[Start of Attachment]

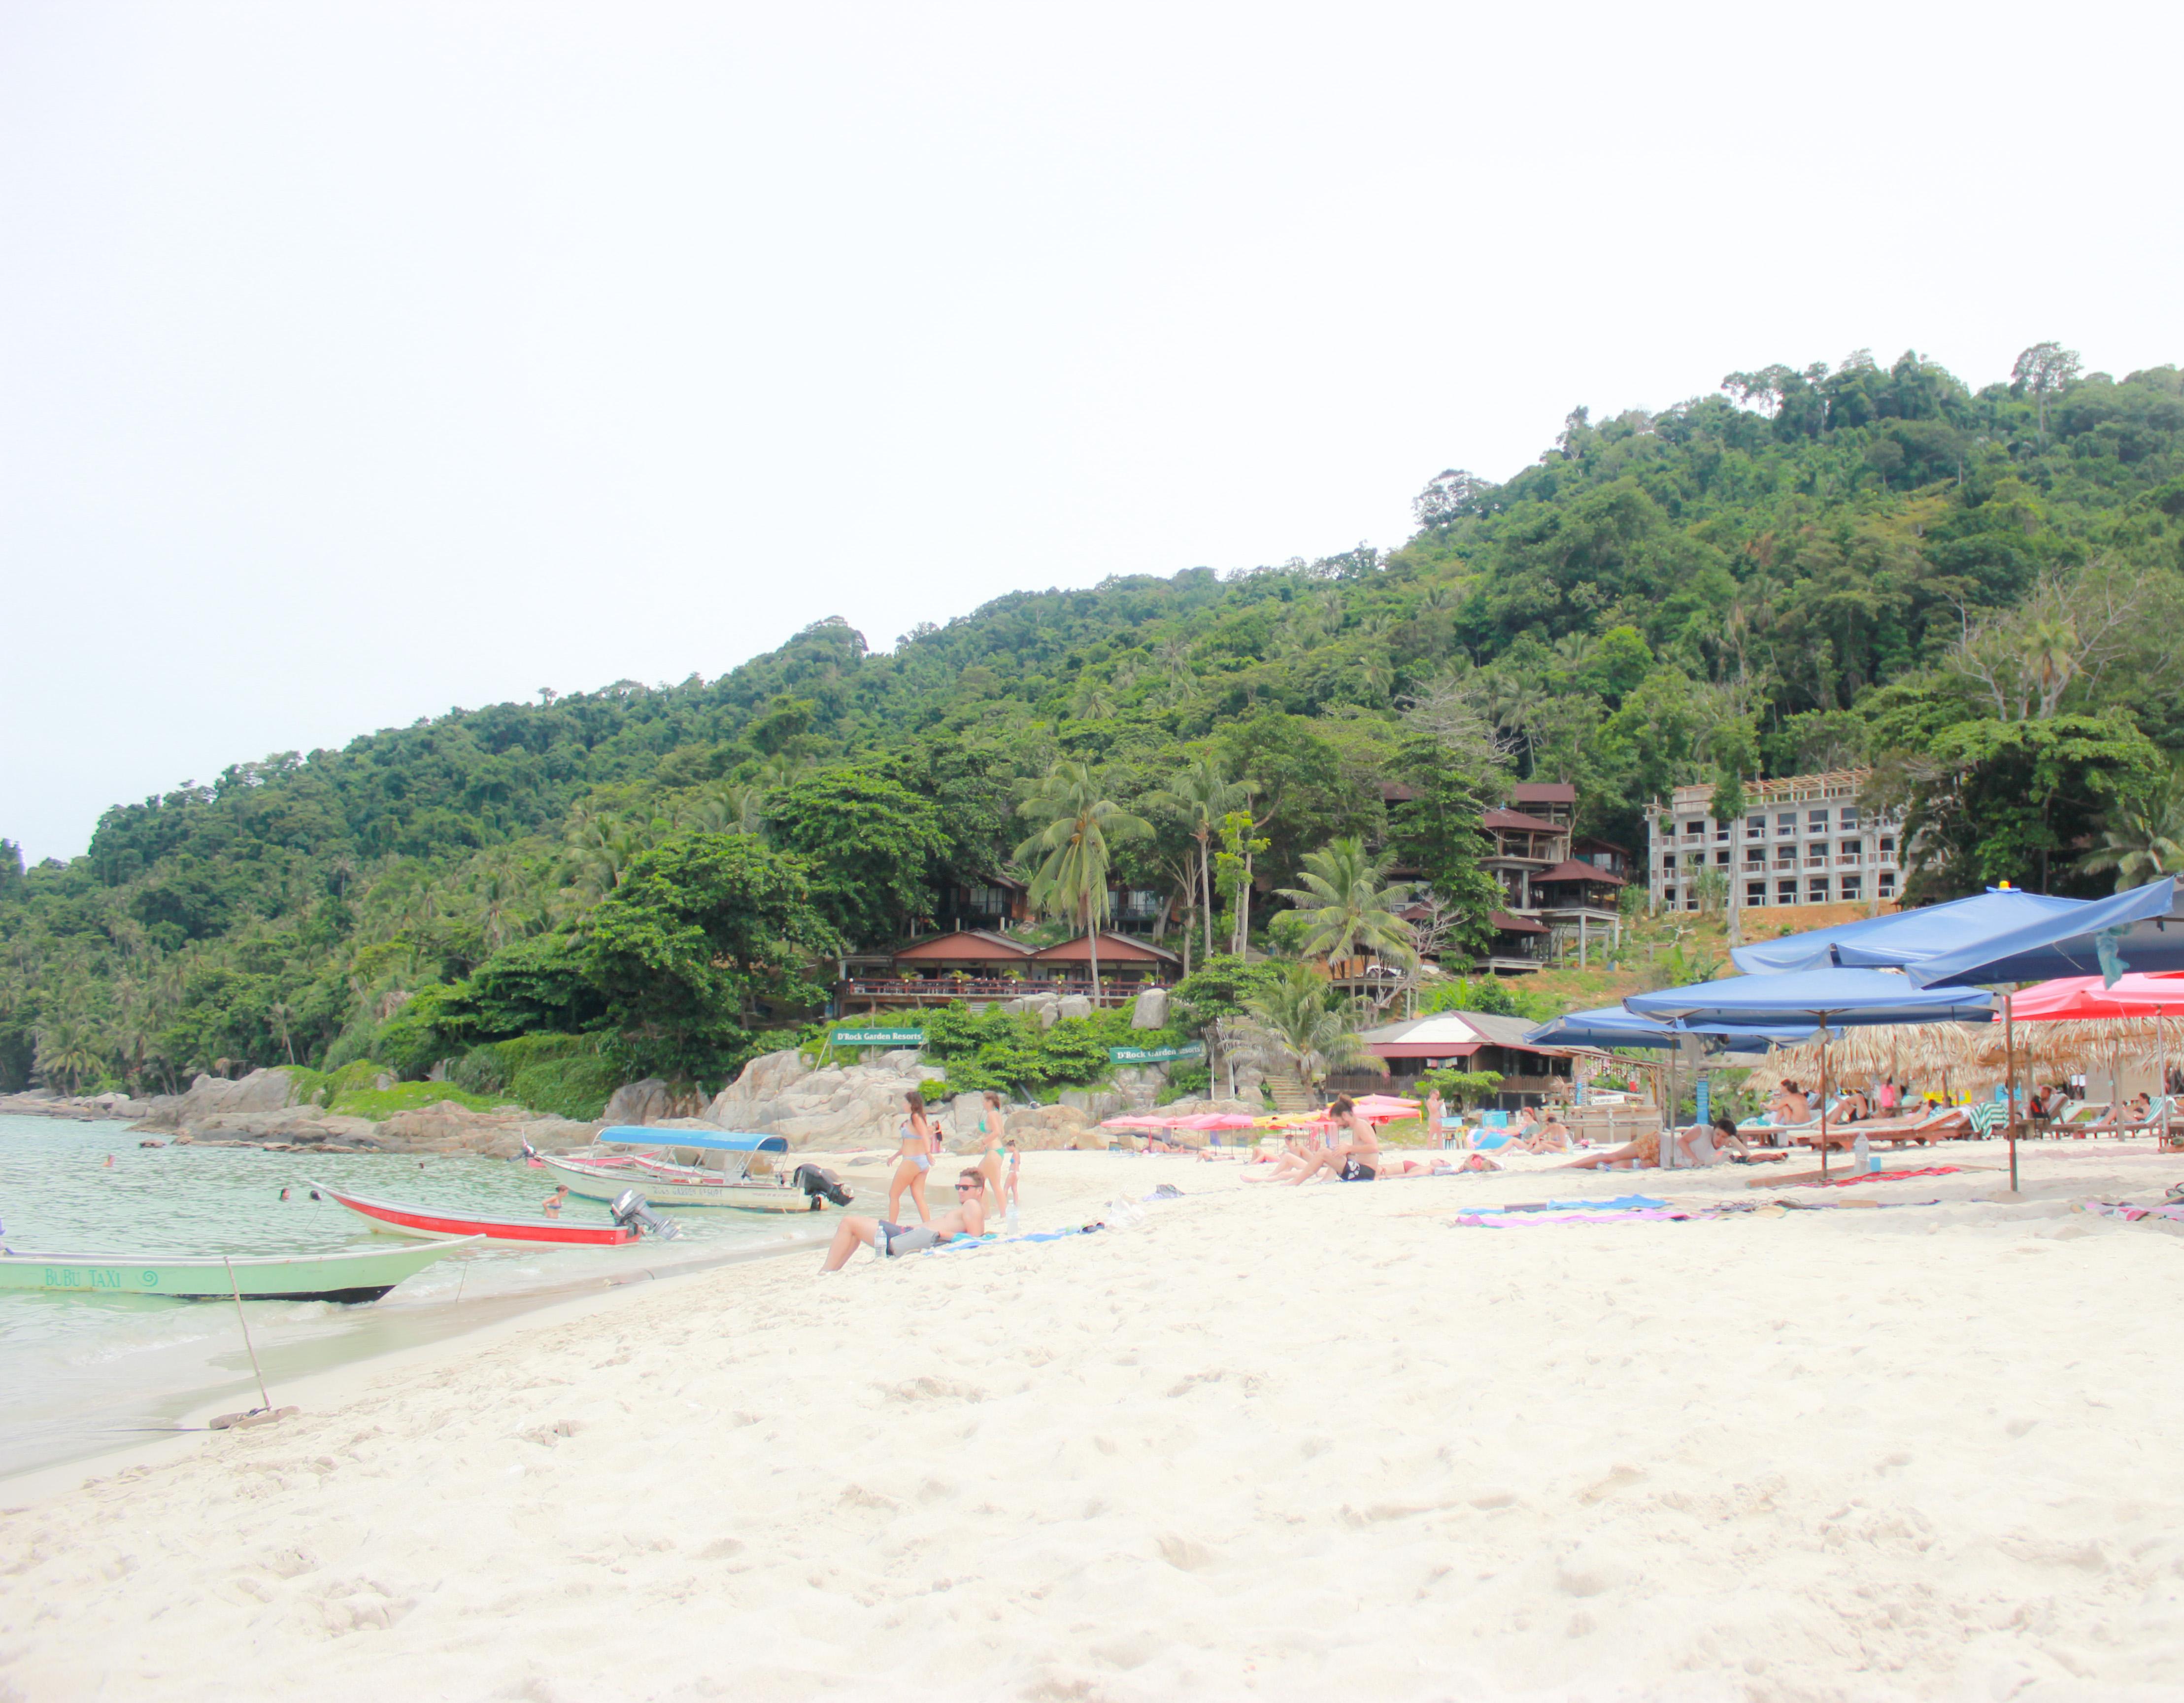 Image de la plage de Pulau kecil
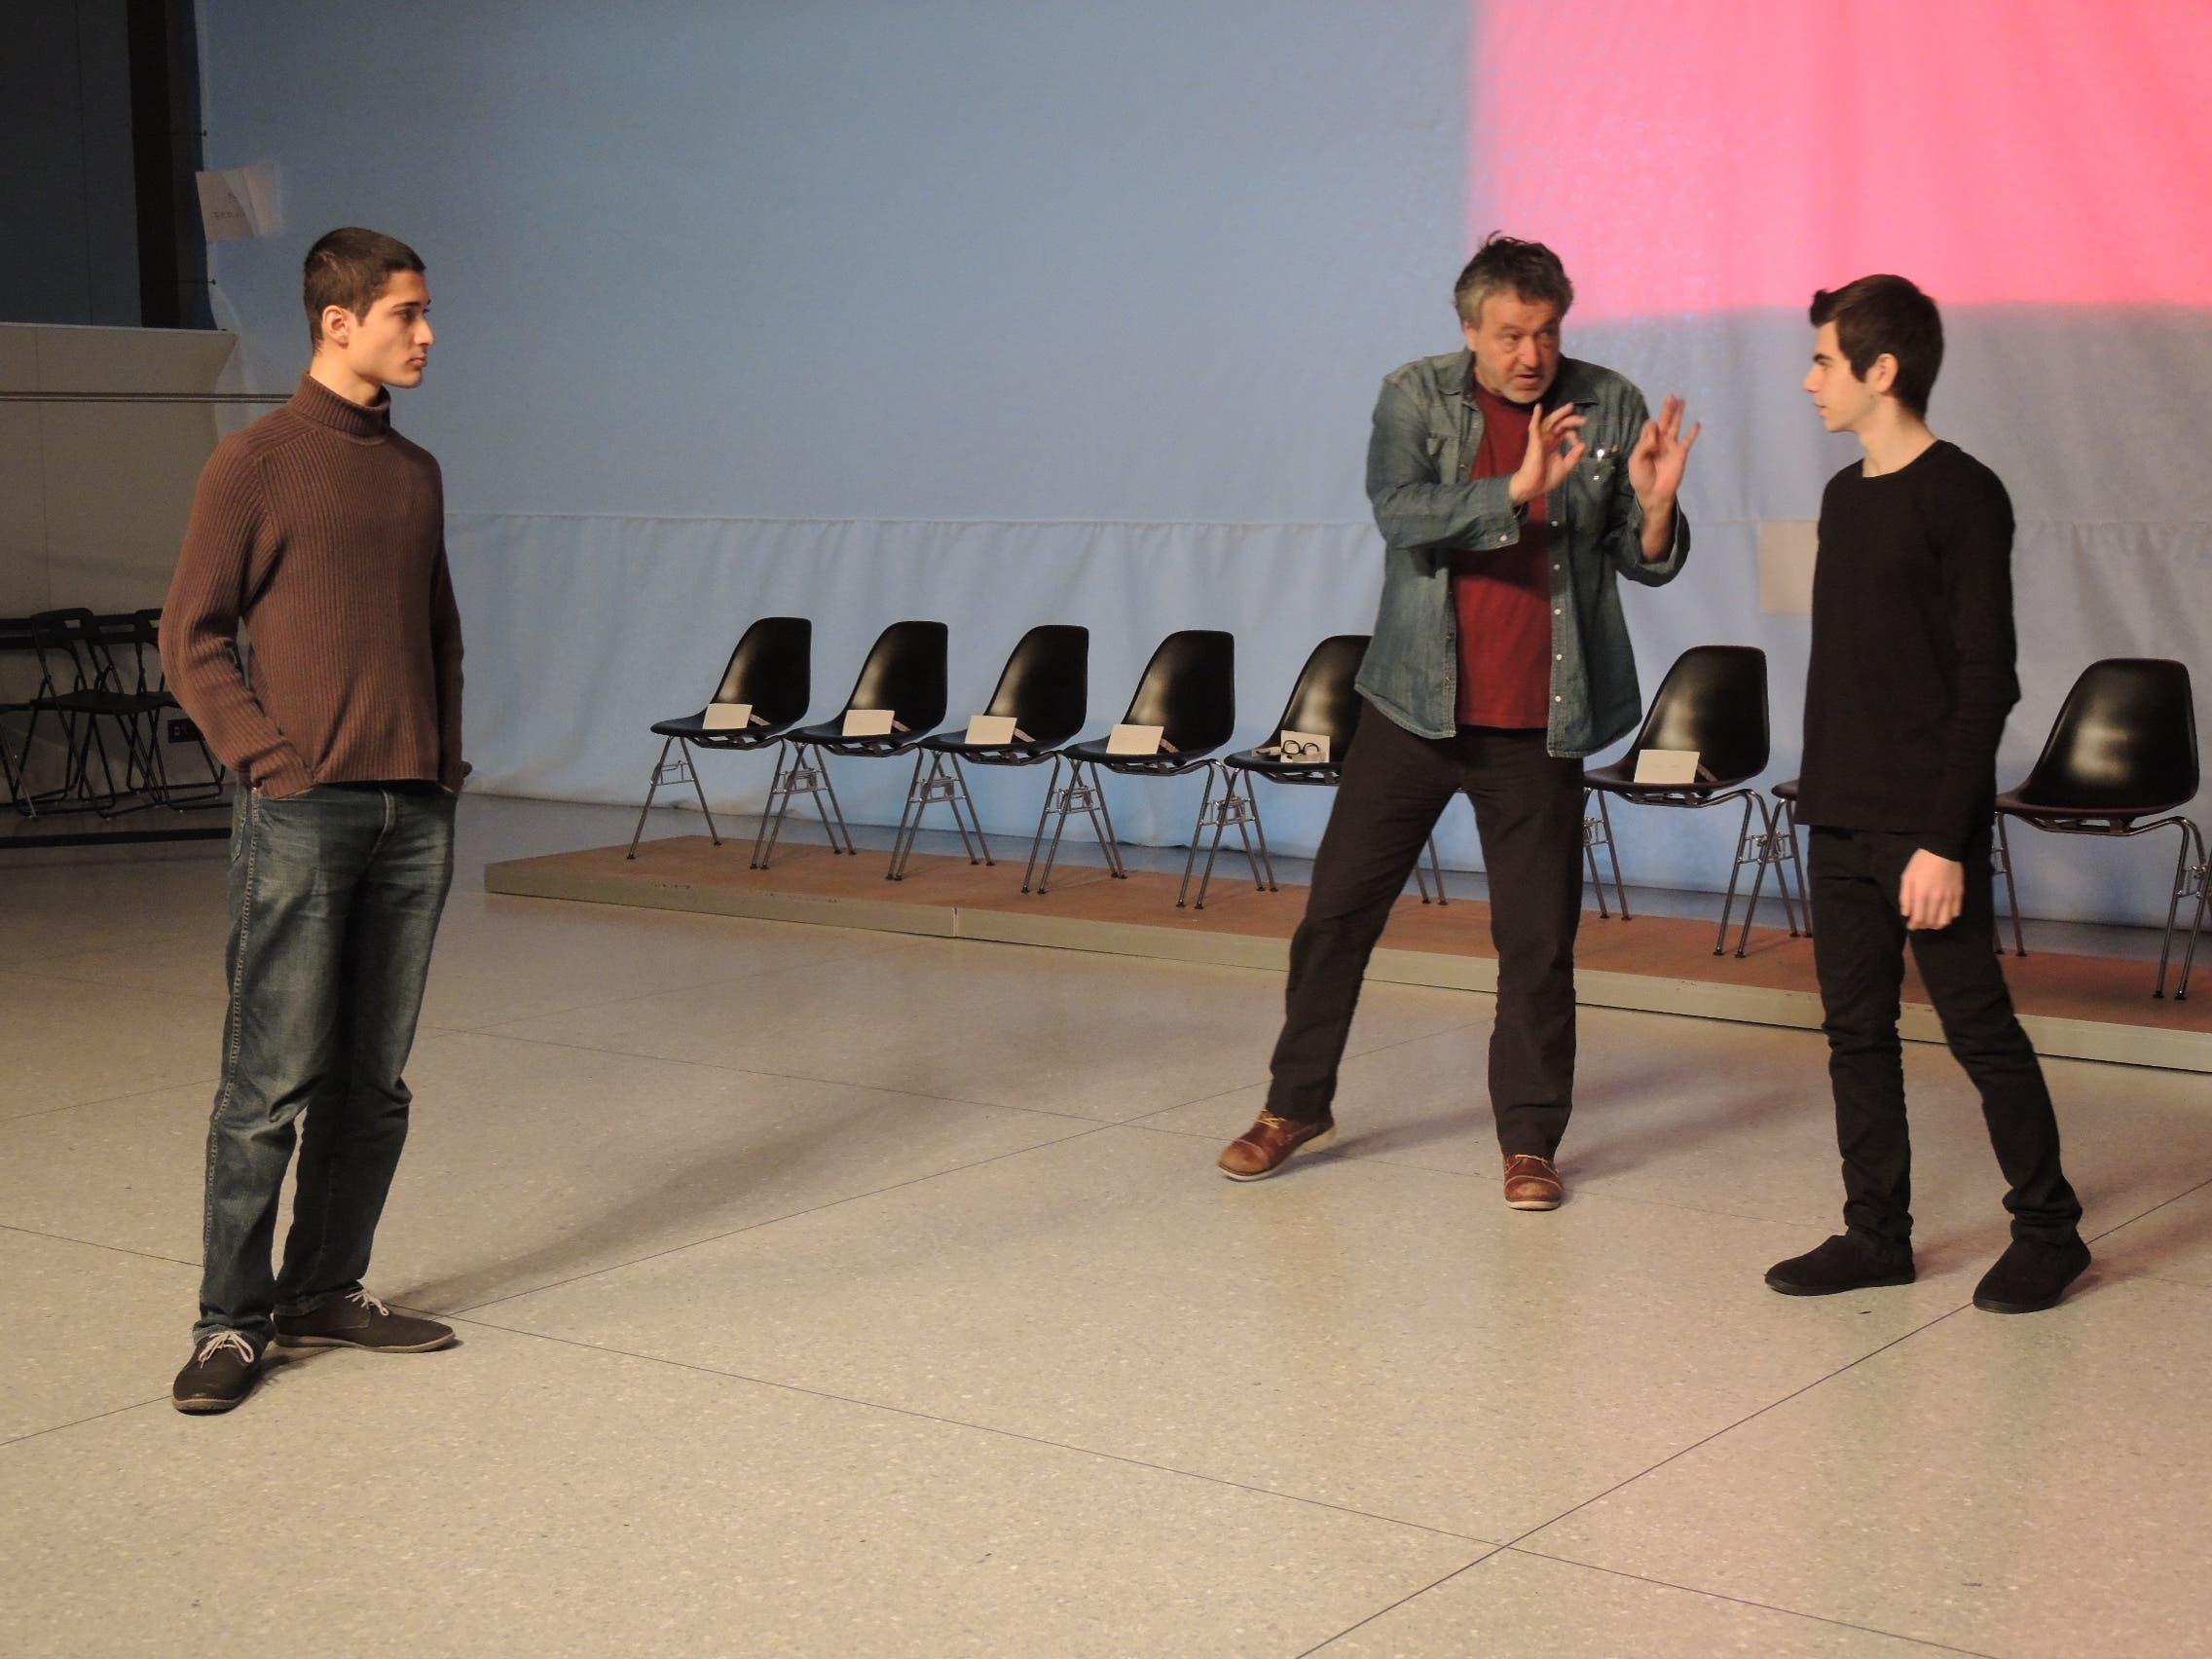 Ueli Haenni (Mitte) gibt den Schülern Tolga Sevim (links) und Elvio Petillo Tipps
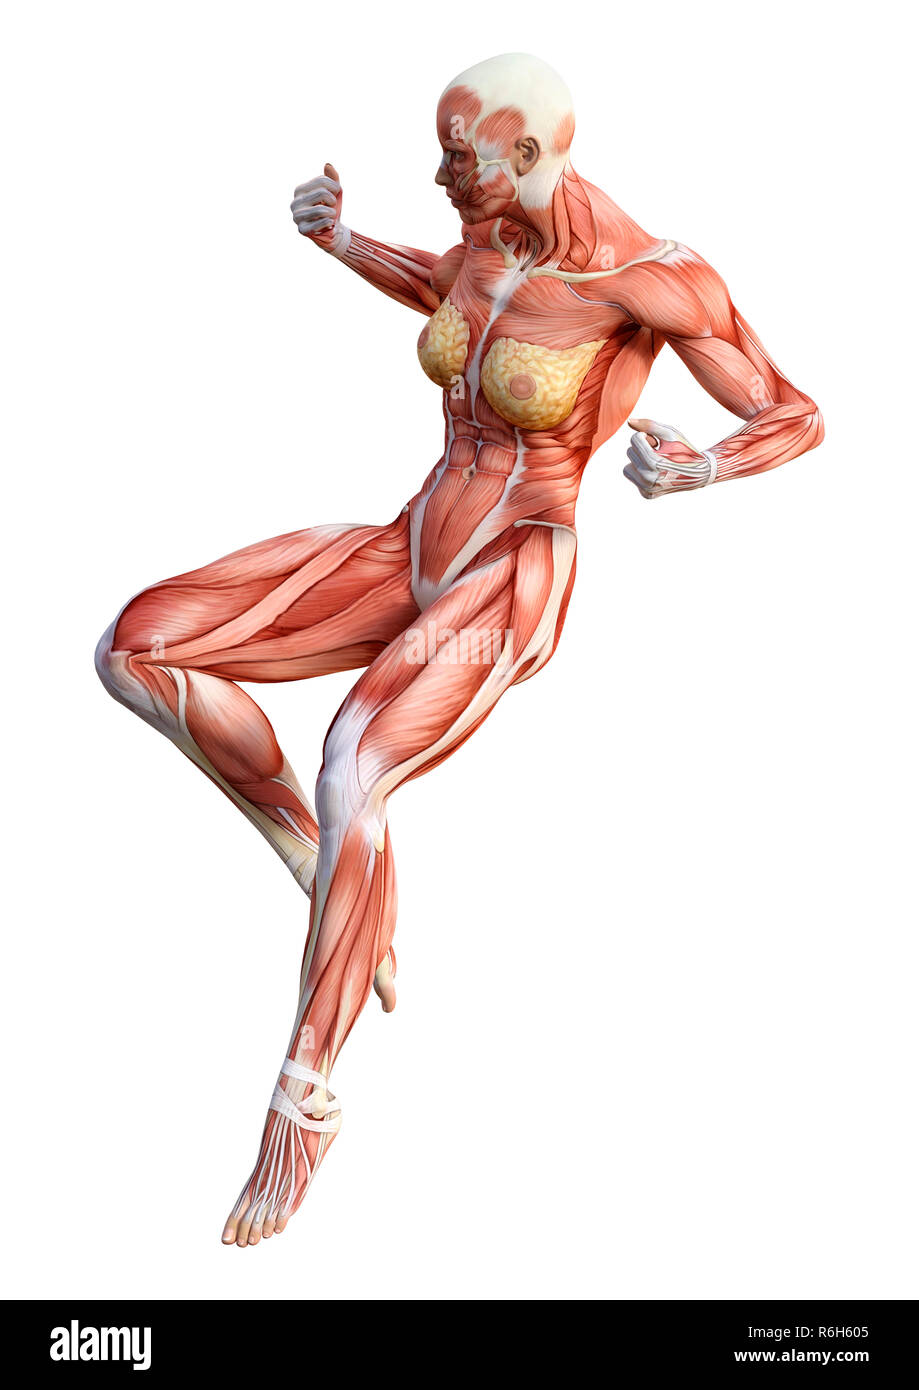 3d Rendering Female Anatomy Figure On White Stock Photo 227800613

[End of Attachment]

# What the exercise asks
Everything above except the pictures needs to be reproduced exactly.

# Response to the task
 Image de la plage de Pulau kecil
 Ueli Haenni (Mitte) gibt den Schülern Tolga Sevim (links) und Elvio Petillo Tipps
 3d Rendering Female Anatomy Figure On White Stock Photo 227800613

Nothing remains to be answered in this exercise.